Он заговорил подавленным голосом:
- Господа, я не говорю по-немецки, но это большая честь для меня, что я имею возможность работать в таком… таком… ну как бы это сказать - это большая честь… Нет, я не могу…
Концертмейстер, сидящий рядом с Чайковским, едва сдержал усмешку. Чайковский, неожиданно выпрямившись, постучал дирижерской палочкой по пульту:
- Начнем, господа! - воскликнул он неожиданно громким, звучным и уверенным голосом.
Проиграли первую оркестровую сюиту.
Петр Ильич работал увлеченно. Он часто прерывал музыкантов и просил повторить, но при этом не проявлял ни нетерпения, ни раздражения. Он вел себя по отношению к оркестру чрезвычайно галантно, как будто стараясь завоевать его расположение.
- Господа, дорогие мои господа! - взывал он со свойственным ему мягким певучим акцентом, забавно всплескивая руками. - Я умоляю вас: еще раз - и понежнее, повоздушнее, полегче - совсем легко! Первая часть "Introduzione е Fuga" особенно тяжело давалась духовым инструментам. В самом начале оба фагота должны были сыграть вступление в унисон, но им не удавались высокие ноты, и Петру Ильичу пришлось несколько раз заставлять их повторить. Во время исполнения второй части "Divertimento" в полутемном зале появилась коренастая фигура. Это был Брамс. Он осторожно присел в последнем ряду партера. Петр Ильич сразу заметил его появление. "Как хорошо, что мы как раз дошли до "Divertimento", - подумал Петр Ильич. - Это удачная часть, она должна произвести на него хорошее впечатление своей новизной. Да, новизна состоит в том, что я соединил наши народные мелодии наши грустные и всеми любимые мелодии, с ритмами немецкого вальса. В результате получился не просто грустный вальс, а вальс трагический.

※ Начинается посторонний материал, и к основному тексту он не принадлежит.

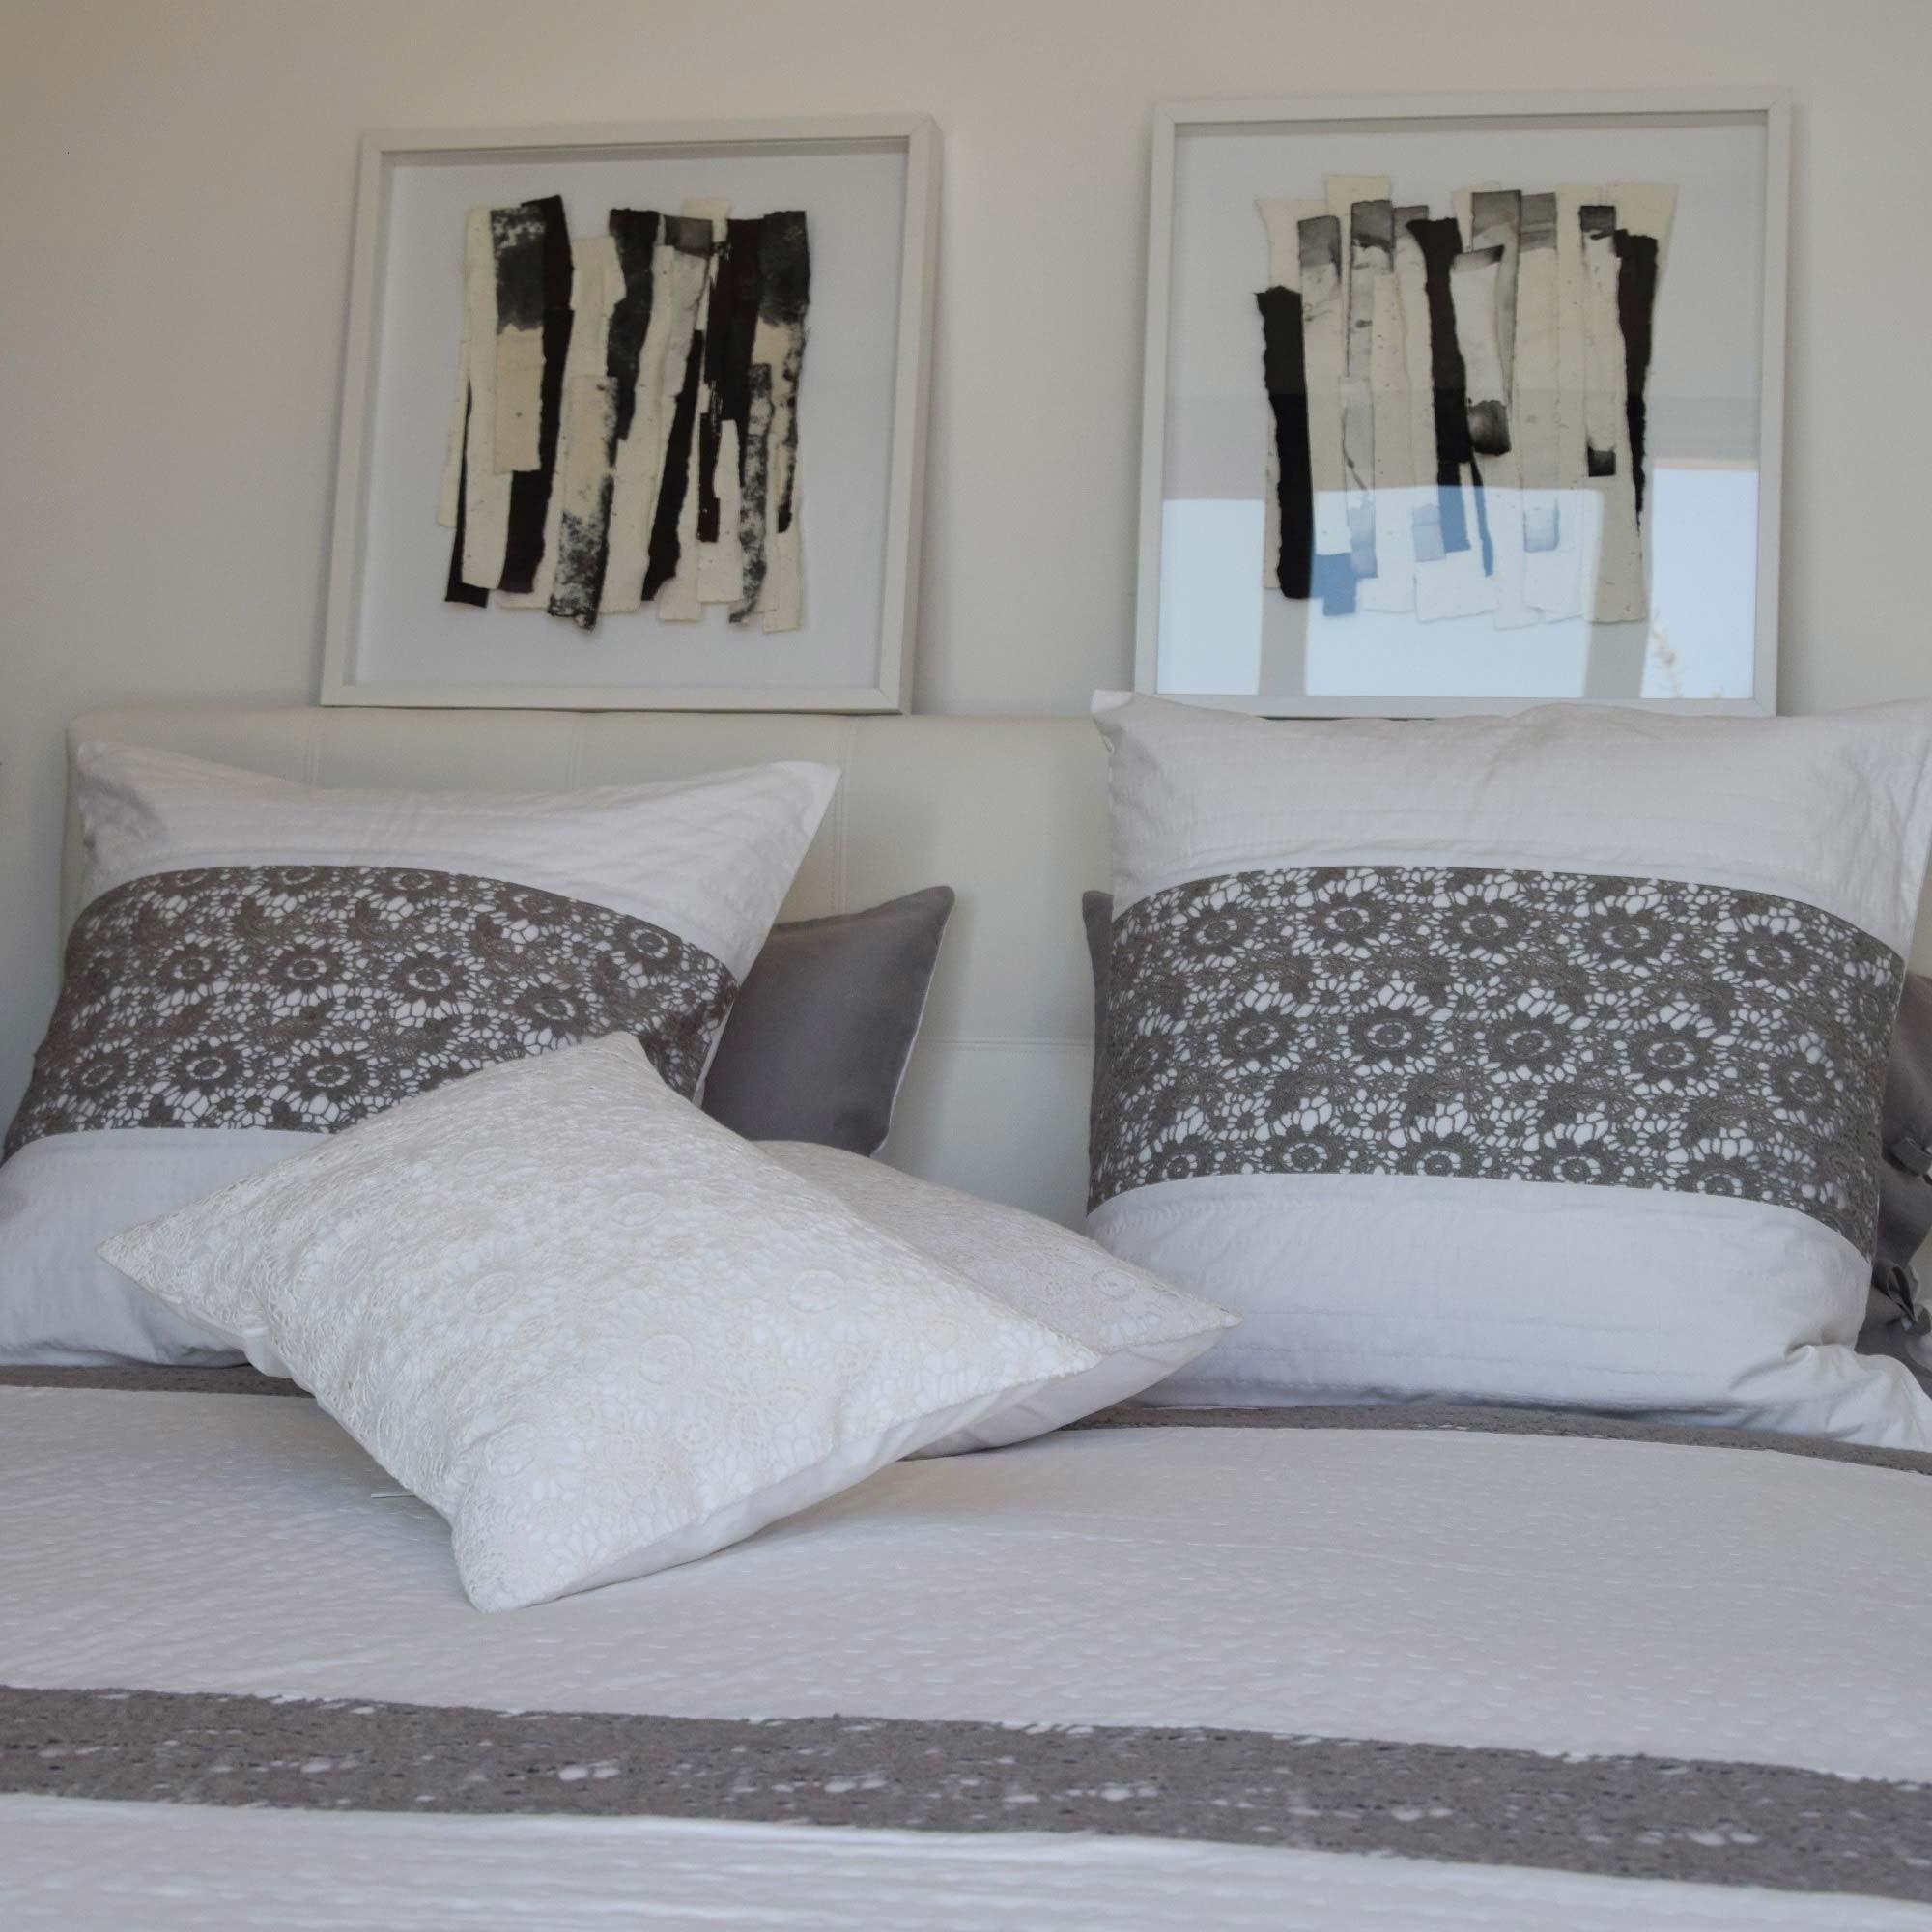 couvre lit blanc et noir White and gray Nantes bedspread   Maison d'été couvre lit blanc et noir

Это изящество и скорбь - изящные причитания. Вы понимаете, что это значит, господин Брамс? Изящно скорбеть… Я добавил "Divertimento" задним числом, но я рад, что его добавил…"
Музыканты успели войти во вкус. Сильная увлеченность и усердие зарубежного композитора подхлестывали их честолюбие, а от его галантного обращения они были в приподнятом настроении. После "Divertimento" они проиграли "Intermezzo" и благодушно смирились с тем, что их каждые две минуты прерывали.
Когда дело дошло до третьей части "Marche miniature", Петр Ильич слегка занервничал. Он знал, что Брамс, сидящий там, в полутьме, скорчит пренебрежительную гримасу. "Мне надо было убрать "Marche miniature"", - подумал он, призывая оркестр играть с особой легкостью.
- Этот отрывок должен звучать как музыкальная шкатулка! - обращался он к музыкантам. "Я знаю, - думал он, - эта маленькая шутка легкомысленна, но ведь поэтому я и снабдил ее примечанием "Ad Libitum", и ни один дирижер не стал бы ее убирать: публика обожает такого рода шутки. Зачем отказываться от гарантированного успеха?"
"Между прочим, это звучит прелестно", - подумал он с упрямством, обращенным к сидящему в полутьме слушателю. Была занята только небольшая часть оркестра: две флейты, кроме флейты-пикколо, два кларнета, два гобоя, четвертая часть скрипок, треугольник, колокольчики. "Действительно прелестно", - подумал Петр Ильич. В то время как жесты его становились все более игривыми и непринужденными, он выкрикивал:
- Легко, дорогие мои! Очень-очень легко! Музыкальная шкатулка, дорогие мои!
В этот момент он услышал, как неодобрительно покашливает Брамс.
После репетиции Петр Ильич сказал несколько сердечных слов благодарности в адрес оркестра.
- Все будет в порядке, - произнес он устало, смахивая со лба пот. - Но "Marche miniature" постарайтесь, пожалуйста, сыграть еще полегче. Эта часть должна быть совсем невесомой!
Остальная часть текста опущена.